The incorporation of co-agent molecules such as hydroxypropyl methylcellulose, sodium alginate, hyaluronic acid, chondroitin sulfate, chitosan, protein isolates, pectin, various lipids, and salts has been shown to influence the mechanical strength of these hydrogels. Therefore, the effects of co-agent molecules on the mechanical properties of collagen-/gelatin- based hydrogels should be considered based on the intended application needs.

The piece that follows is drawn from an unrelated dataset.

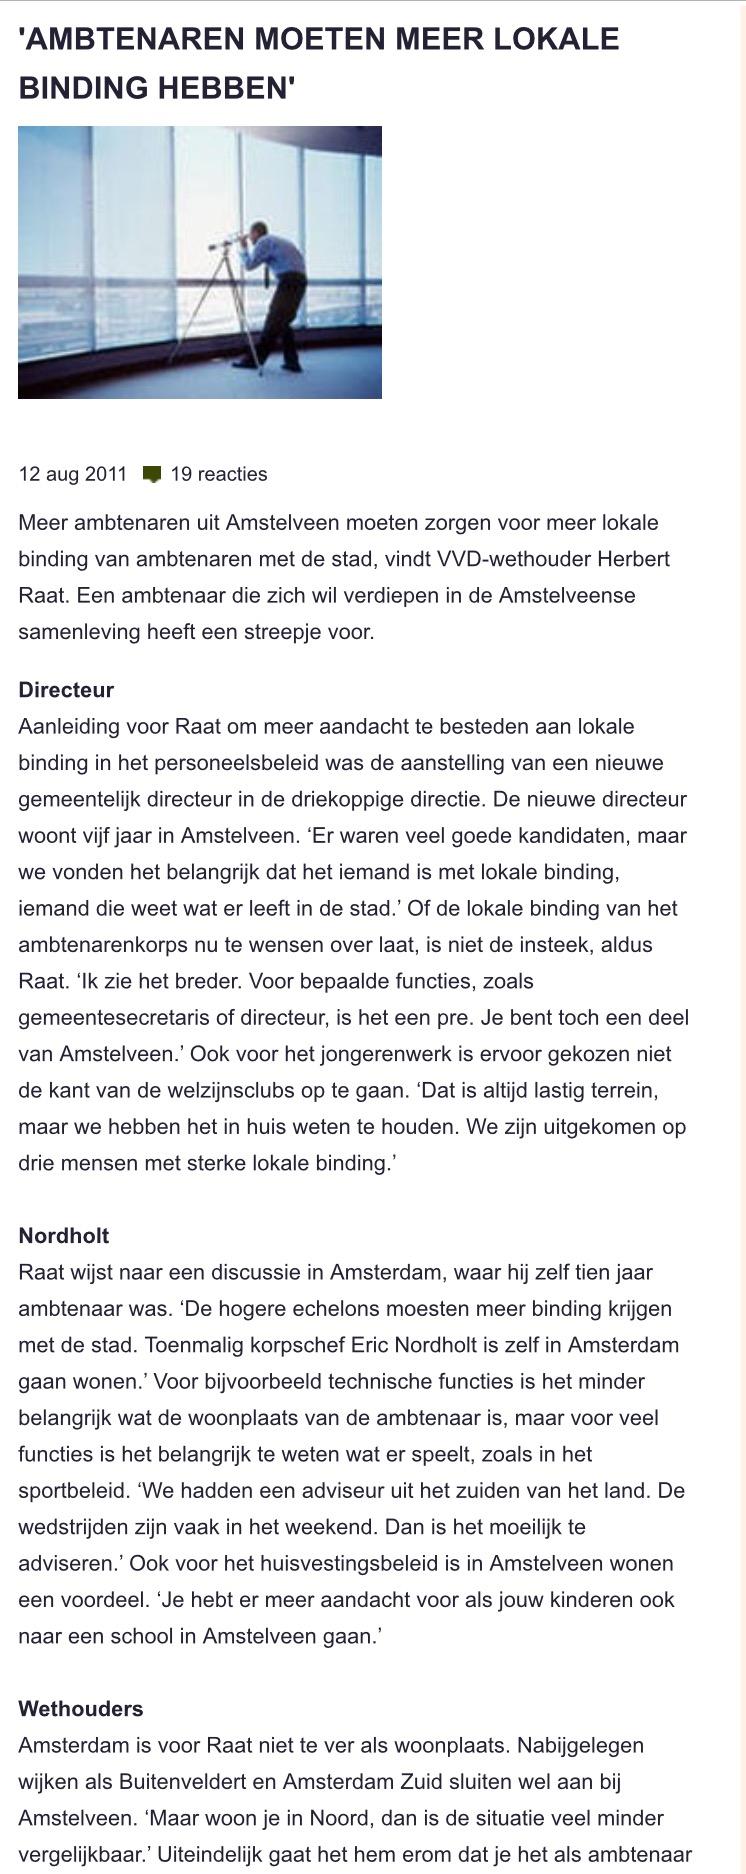 2011-12-8 Binnenlands Bestuur wethouder Herbert Raat over lokale binding ambtenaren

Among these biomacromolecules, polysaccharides more effectively enhance the gel strength of collagen- and gelatin-based hydrogels due to their ability to form strong and dense network structures via electrostatic and hydrogen bonding interactions. Protein type and concentration play a key role in determining gel stability, and the elasticity of the gel varies accordingly. In contrast, lipids exhibit only a limited effect on collagen-/gelatin-based hydrogel. However, recent applications revealed the fact that lipids could alter the strain-stiffening response of collagen-/gelatin- gelatin-based hydrogels under large deformations, especially when used along with proteins in the form of emulsions. Therefore, the interactions of these co-agent molecules should be considered, and their concentrations carefully optimized to achieve the desired gel strength.

Various treatments, including ultrasound, UV irradiation, high-pressure processing, self-compression techniques, chemical modifications such as EDC/NHS coupling, phosphorylation, genipin crosslinking as well as enzymatic modifications using TGase or laccase, have been employed to alter the rheological properties of collagen and gelatin hydrogels. Although most of the treatments enhance gel stability, the concentration levels and treatment power must be optimized for the desired gel strength. For instance, increasing the ultrasonic power and excessive levels of phosphorylation may reduce the strength of collagen and gelatin hydrogels. The effect of HPP on gel stability is also highly dependent on processing conditions such as pH and gelation temperature, with stronger and more stable gels being obtained, particularly under high pH or low temperature. Chemical and enzymatic modifications usually increase stiffness; however, since excessive crosslinking does not further improve the stability of these gels, the level of crosslinkers should be carefully optimized.

The gelation mechanisms of collagen and gelatin is driven by intra- and inter-molecular crosslinks. The recent advanced methods discussed in this review showed how to alter these network characteristics that would possibly enable the design of hydrogels with end-use specific properties.

Compared to medical applications, research on the use of collagen–gelatin hydrogels in the food industry remains relatively limited, highlighting a significant gap that this study aims to address. Future studies are needed to explore the potential applications of these hydrogels in the food industry, with an emphasis on tailoring their rheological and structural properties to fulfill specific functional requirements.